In [1]:
import pandas as pd
import numpy as np
from sklearn.model_selection import train_test_split, GridSearchCV
from sklearn.feature_extraction.text import TfidfVectorizer
from sklearn.ensemble import RandomForestClassifier
from sklearn.metrics import accuracy_score, classification_report
from sklearn.pipeline import Pipeline
import nltk
from nltk.stem import WordNetLemmatizer
from nltk.corpus import stopwords

In [6]:
# Ensure that NLTK resources are downloaded
nltk.download('stopwords')

# Load stopwords from NLTK
stop_words = stopwords.words('english')


[nltk_data] Downloading package stopwords to
[nltk_data]     C:\Users\91970\AppData\Roaming\nltk_data...
[nltk_data]   Package stopwords is already up-to-date!


In [3]:
# Lemmatizer function
def lemmatize_text(text):
    lemmatizer = WordNetLemmatizer()
    return ' '.join([lemmatizer.lemmatize(word) for word in text.split()])

In [4]:
# Define the file paths
training_path = r'C:\Users\91970\Downloads\final-competition-fall2023 (1)\foods_training.csv'
testing_path = r'C:\Users\91970\Downloads\final-competition-fall2023 (1)\foods_testing.csv'
sample_submission_path = r'C:\Users\91970\Downloads\final-competition-fall2023 (1)\sample_submission.csv'


In [7]:
try:
    # Load the training data
    df = pd.read_csv(training_path, sep=',', encoding='ISO-8859-1', quotechar='"', nrows=10000)
    print("Training data loaded successfully.")
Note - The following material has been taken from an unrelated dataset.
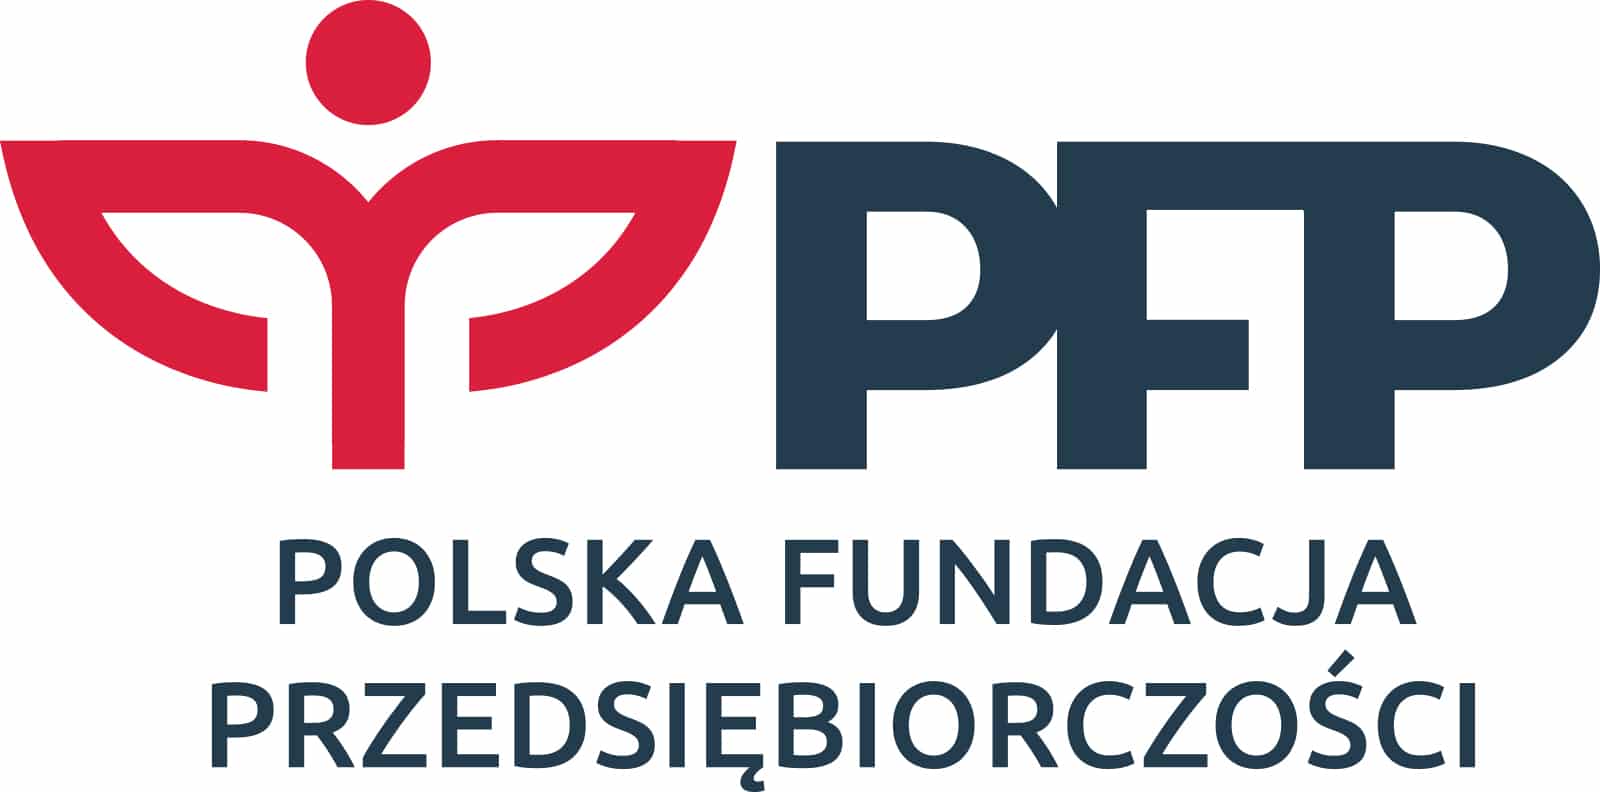 Logo Polska Fundacja Przedsiębiorczości

    # Load the testing data
    testing_data = pd.read_csv(testing_path, sep=',', encoding='ISO-8859-1', quotechar='"')
    print("Testing data loaded successfully.")
except Exception as e:
    print("An error occurred:", e)


Training data loaded successfully.
Testing data loaded successfully.


In [9]:
# Select only the required fields from both datasets and explicitly handle potential copies
data = df[['helpfulness', 'summary', 'text', 'score_level']].copy()
testing_data = testing_data[['ID', 'helpfulness', 'summary', 'text']].copy()
print("Data copied for preprocessing.")

Data copied for preprocessing.


In [11]:
# Preprocess and combine 'summary' and 'text' columns
data['summary'] = data['summary'].fillna('').apply(lemmatize_text)
data['text'] = data['text'].fillna('').apply(lemmatize_text)
data['full_text'] = data['summary'] + ' ' + data['text']
testing_data['summary'] = testing_data['summary'].fillna('').apply(lemmatize_text)
testing_data['text'] = testing_data['text'].fillna('').apply(lemmatize_text)
testing_data['full_text'] = testing_data['summary'] + ' ' + testing_data['text']
print("Preprocessing complete.")


Preprocessing complete.


In [12]:
# Initialize TfidfVectorizer
tfidf_vectorizer = TfidfVectorizer(stop_words=stop_words)

In [14]:
# Define the pipeline
pipeline = Pipeline([
('tfidf', tfidf_vectorizer),
('clf', RandomForestClassifier(random_state=42))
    ])
print(pipeline)

Pipeline(steps=[('tfidf',
                 TfidfVectorizer(stop_words=['i', 'me', 'my', 'myself', 'we',
                                             'our', 'ours', 'ourselves', 'you',
                                             "you're", "you've", "you'll",
                                             "you'd", 'your', 'yours',
                                             'yourself', 'yourselves', 'he',
                                             'him', 'his', 'himself', 'she',
                                             "she's", 'her', 'hers', 'herself',
                                             'it', "it's", 'its', 'itself', ...])),
                ('clf', RandomForestClassifier(random_state=42))])


In [16]:
# Define the parameter grid
param_grid = {
        'clf__n_estimators': [100, 200],
        'clf__max_depth': [None, 10, 20],
        'clf__min_samples_leaf': [1, 2],
        'clf__min_samples_split': [2, 5]
    }
print(param_grid)

{'clf__n_estimators': [100, 200], 'clf__max_depth': [None, 10, 20], 'clf__min_samples_leaf': [1, 2], 'clf__min_samples_split': [2, 5]}


In [None]:
# Grid search with cross-validation
grid_search = GridSearchCV(pipeline, param_grid, cv=3, verbose=2, n_jobs=-1)
grid_search.fit(data['full_text'], data['score_level'])
print("Grid search complete.")

Fitting 3 folds for each of 24 candidates, totalling 72 fits


In [None]:
# Best model
print("Best parameters:", grid_search.best_params_)
best_model = grid_search.best_estimator_


In [None]:
# Evaluate on training set
y_pred = best_model.predict(data['full_text'])
print("Training Accuracy: {:.2f}".format(accuracy_score(data['score_level'], y_pred)))
print(classification_report(data['score_level'], y_pred))

In [None]:
 # Prepare testing data and predictions
y_test_pred = best_model.predict(testing_data['full_text'])
predictions_df = pd.DataFrame({'ID': testing_data['ID'], 'predicted_score_level': y_test_pred})
predictions_df.to_csv(sample_submission_path, index=False)
print("Predictions saved to file.")
except Exception as e:
    print("An error occurred:", e)